Plan Slow, Implement Fast


Hi Reader,

I'm sending this while still feeling a bit bummed that I missed the ASTC conference this year. My flight was booked, and then life stuff happened. (Thanks for continuing to be awesome, 2025!)

It also got me thinking about a talk I gave at ASTC 2024. Karen Hammerness (of AMNH) and I gave a lightning talk unpacking how JSC, as external evaluators, collaborated with AMNH's internal research team on a Wave 1 evaluation of the (then) newly opened Gilder Center.

There were scores of interesting insights from that project. But this month, I want to talk about the least sexy one: Planning.

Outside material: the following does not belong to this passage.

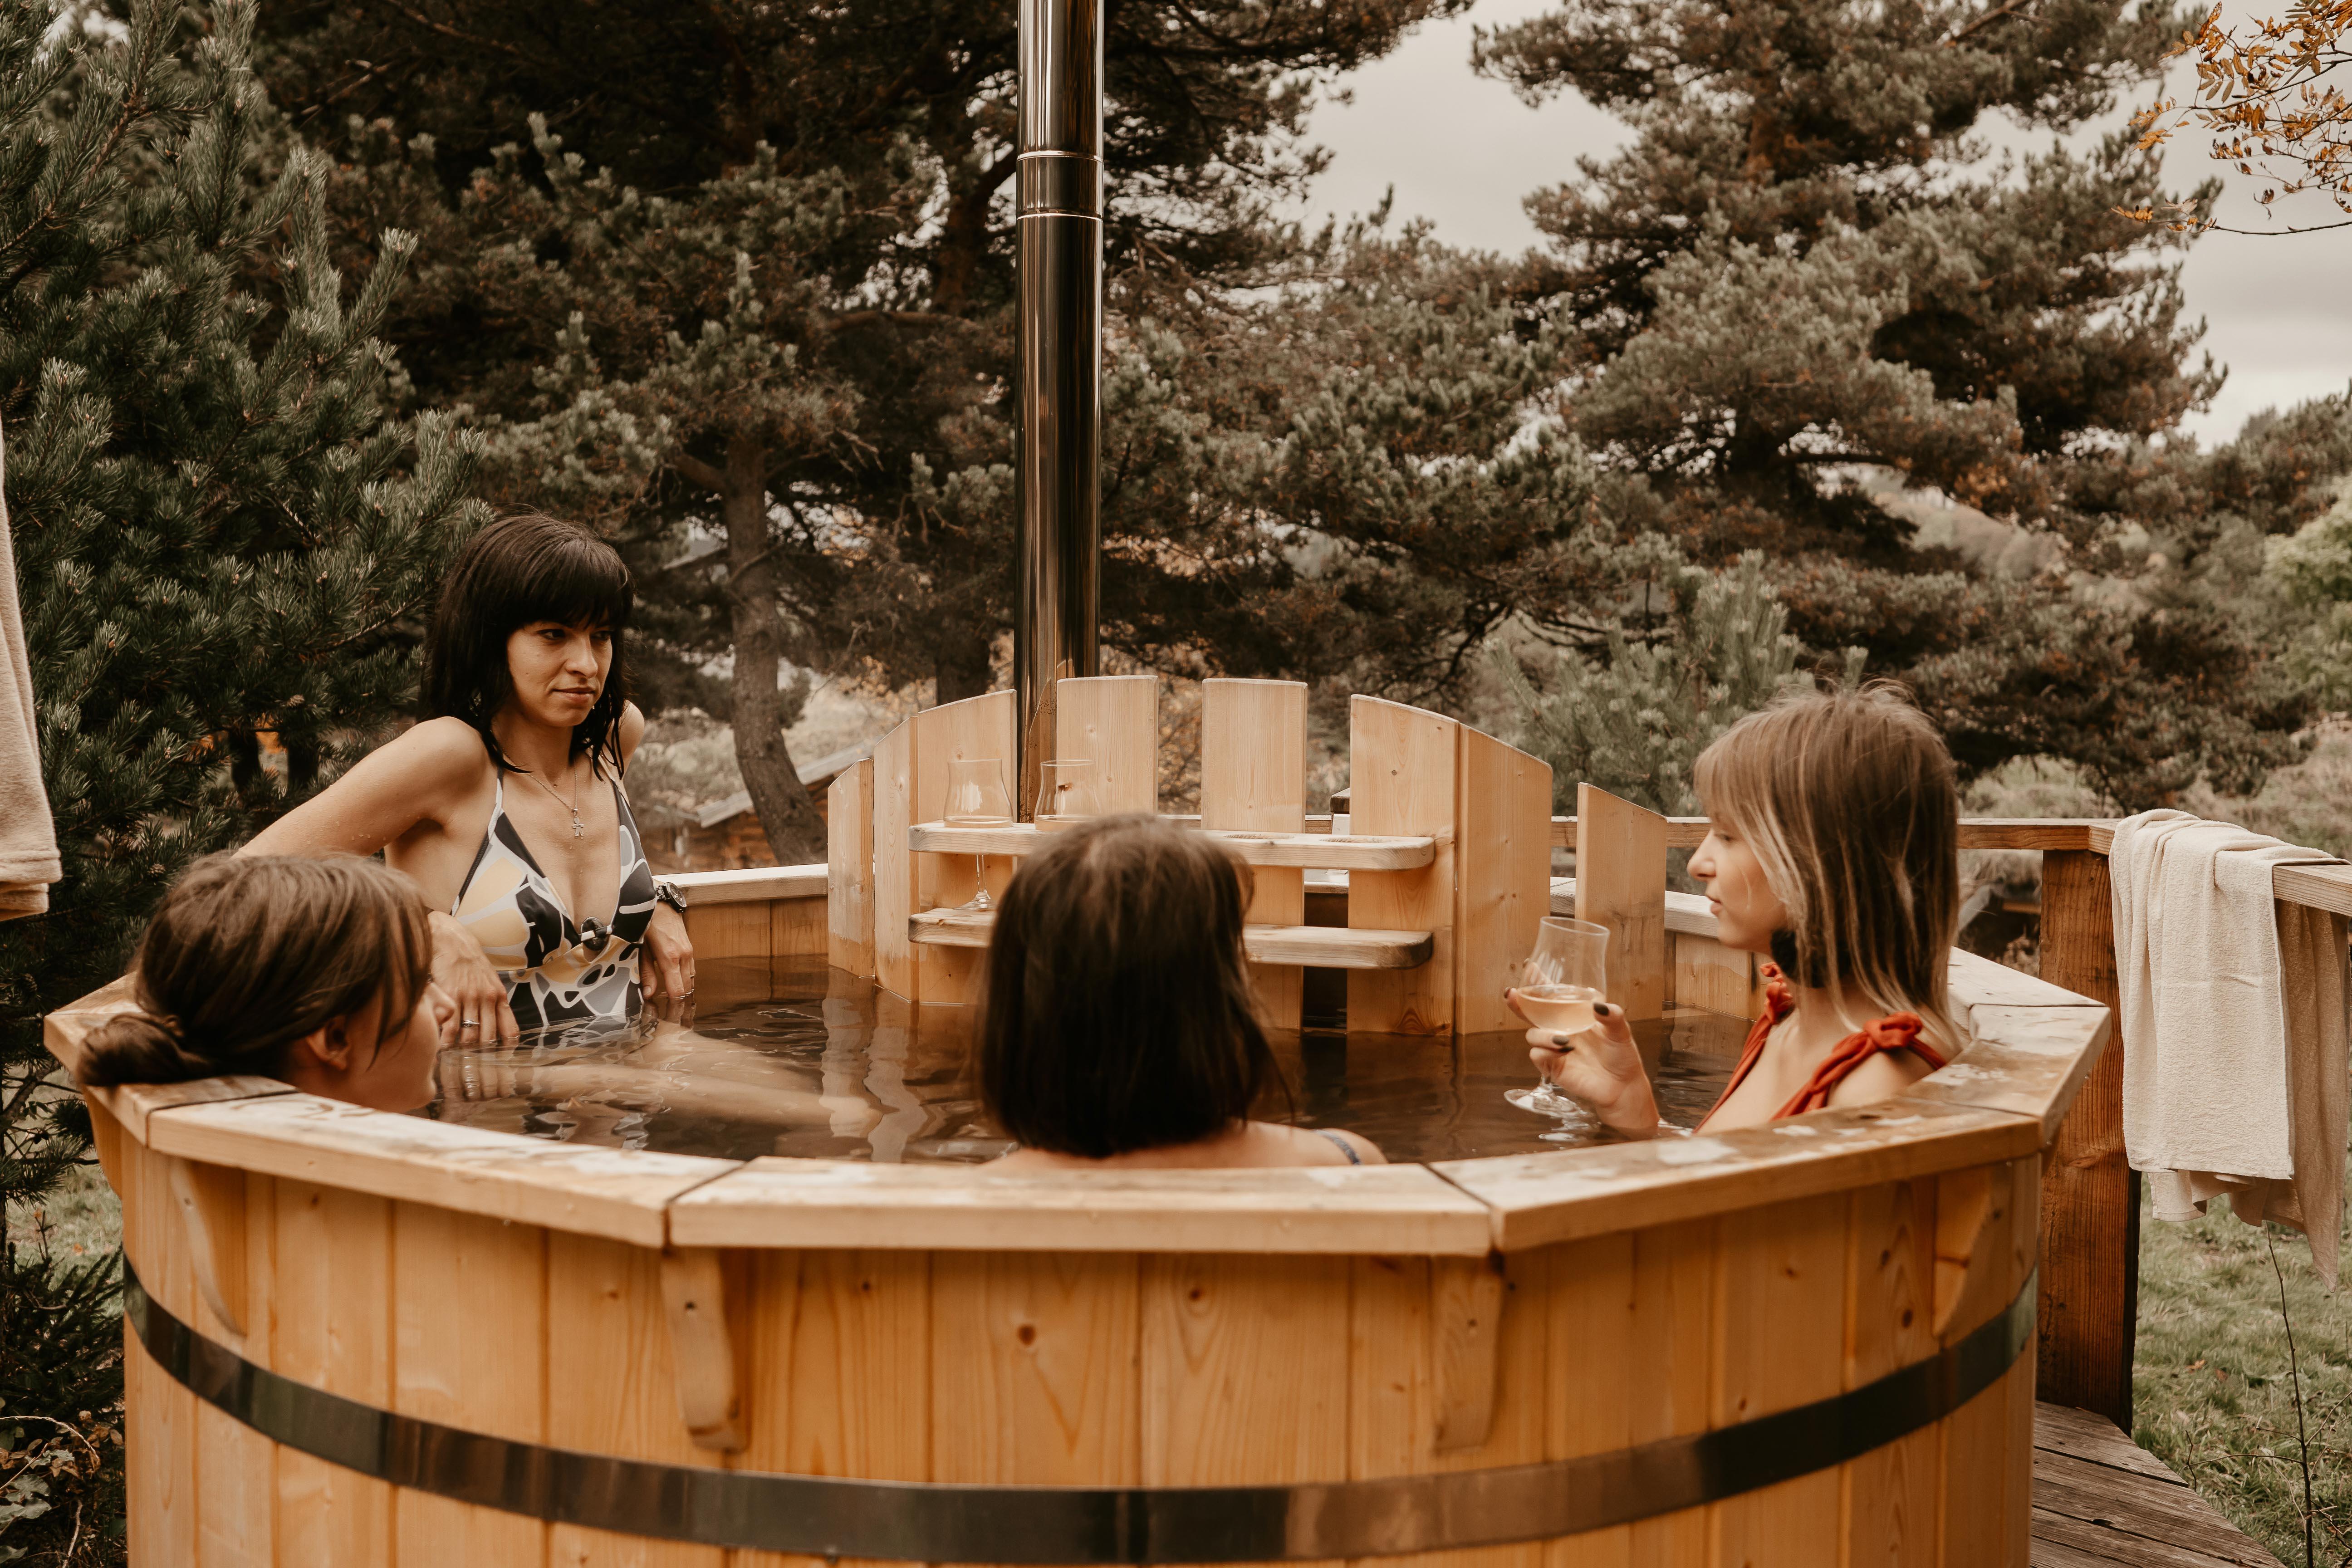 bain-nordique-vue-exterieur

Let's dig into why it's one of the most valuable things to invest time in -- even (or maybe especially) in times of uncertainty.

Also included is:

  • A climate leader shares her systems thinking approach to planning -- different context, same idea.
  • An upcoming workshop about evaluation planning at the NAAEE conference.

Cheers,

Jessica

I love it when a plan comes together!

It's the unsexiest part of evaluation work. It's the part that involves meetings and note-taking and white-boarding. It's the part makes you impatiently ask, "Um but when are we going to get some data?!?"

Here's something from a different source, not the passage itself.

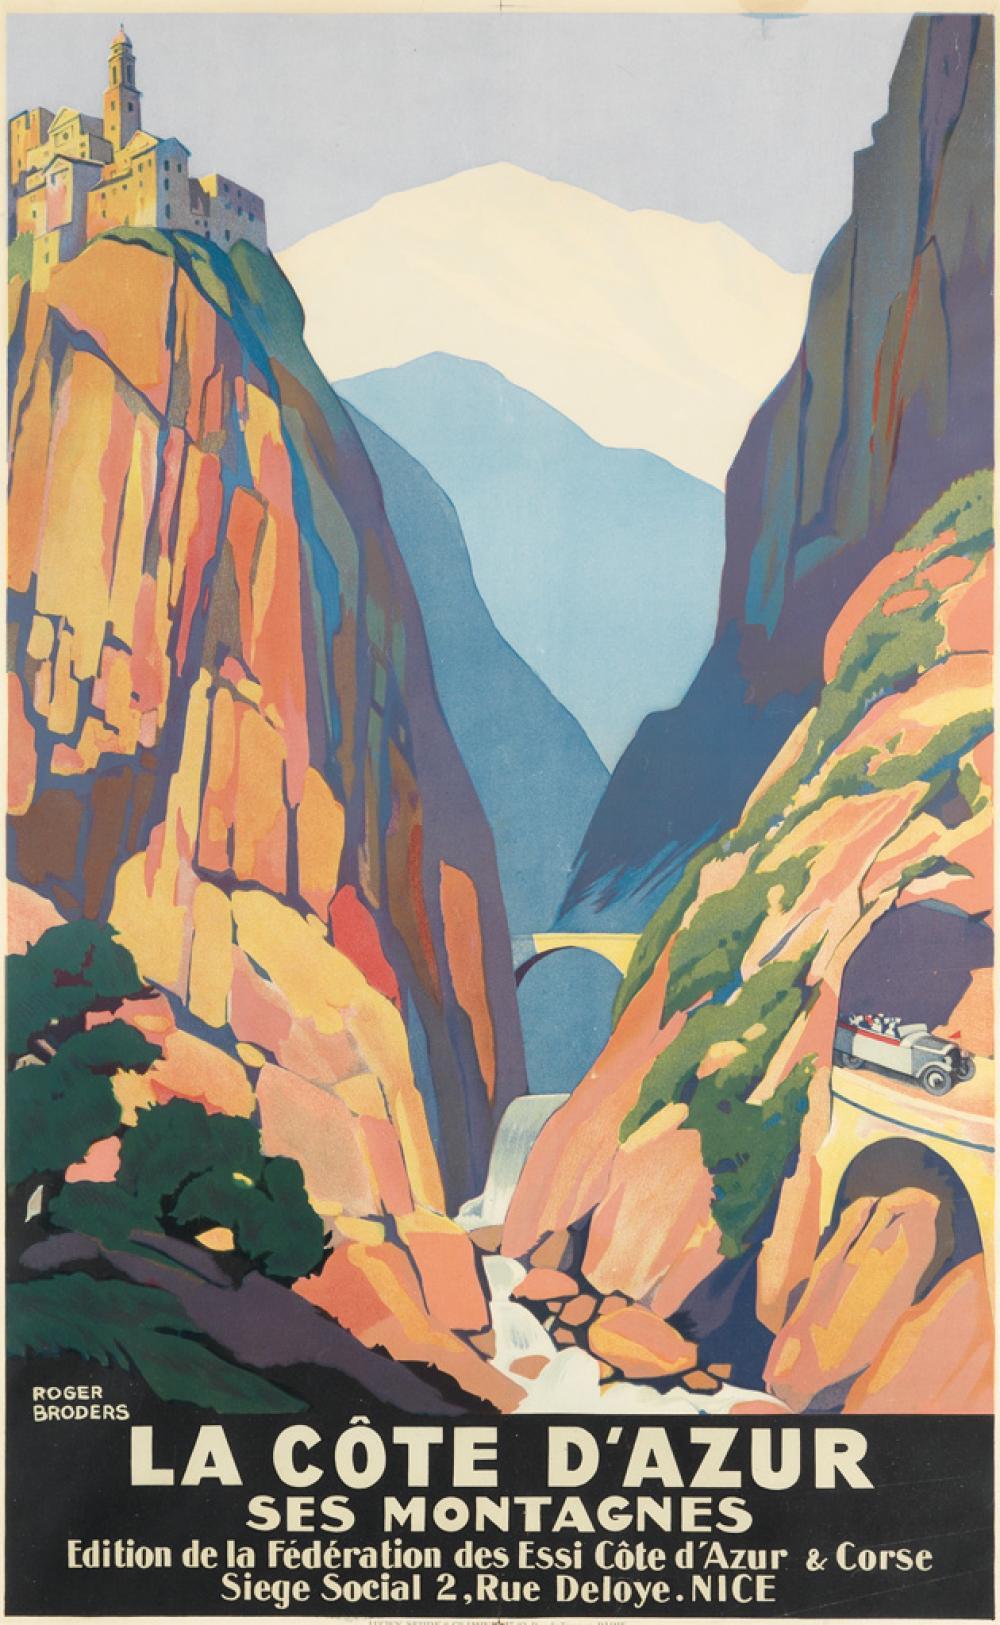 ROGER BRODERS (1883-1953). LA CÔTE D'AZUR SES MONTAGNES. Circa 1930. 39x24 inches, 99x62 cm. Lucien Serre & Cie, Paris.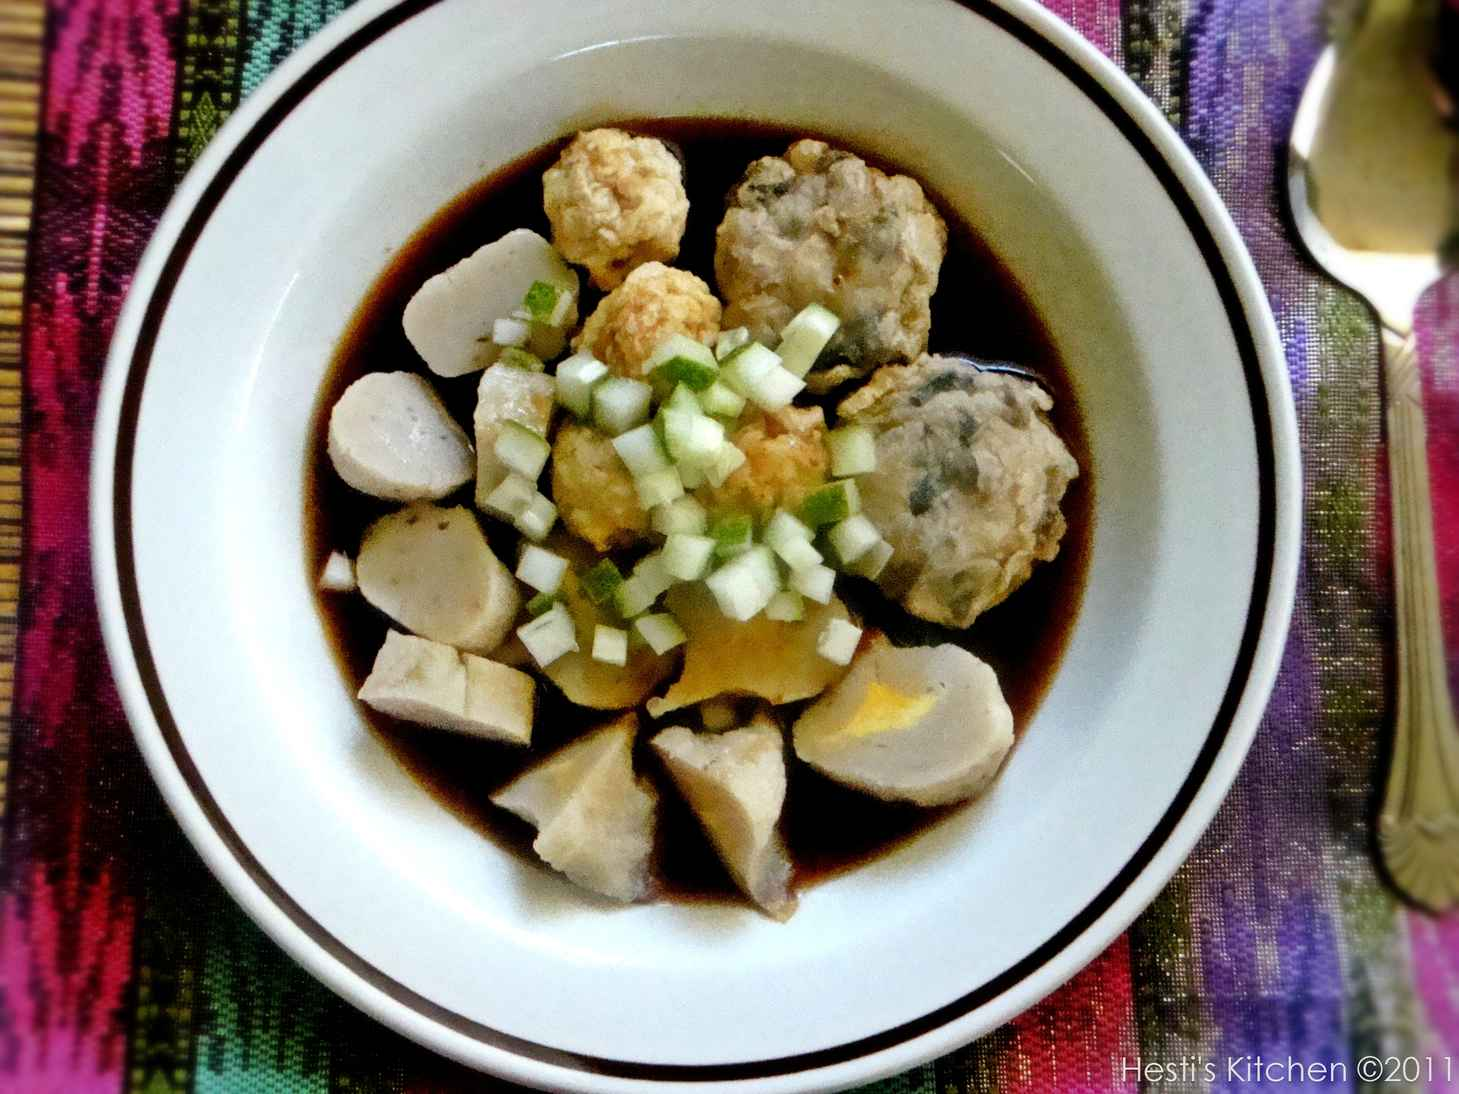 HESTI'S KITCHEN : yummy for your tummy: Empek-empek

And it's the part that routinely gets short-changed in timelines.

But if you want a cost-effective evaluation: Plan slow. Implement fast.

That AMNH project I mentioned? We spent more time planning the evaluation than we did implementing the study.

It wasn’t sexy. It wasn’t straightforward. It wasn’t simple.

But, in hindsight, I see about 15 project landmines that we avoided by not rushing in. When you have to rush to collect data as quickly as possible, it's a gamble.

I often hear timeline assumptions that leave a couple of weeks to plan a study. I get it! You are eager to get that sweet, sweet visitor data in your hands.

But evaluation is a big investment.

Investing more time in planning is a secret to getting the absolute most bang-for-your-buck from the study.

I'm going to share one concrete process you can use to help your team invest time in planning that will maximize the value of your evaluation -- whether it's in-house or out-house.

Stage 1: Lay all the cards on the table.

You can tackle this before calling in the evaluator. Get key stakeholders together and get everyone to articulate their evaluation wish-list:

  • What are your hopes for evaluation?
  • What are you wondering about that you think evaluation could help you know?
  • What claims or promises have we made about what this will do or achieve?

Get everyone to unpack their evaluation baggage now. Because if a rogue, "Wouldn't it be great if we could..." pops up the week of data collection, it’s too late.

It is likely to be… a lot.

That's good! Now you (and your evaluator) will know the field of play. No more reading the tea leaves.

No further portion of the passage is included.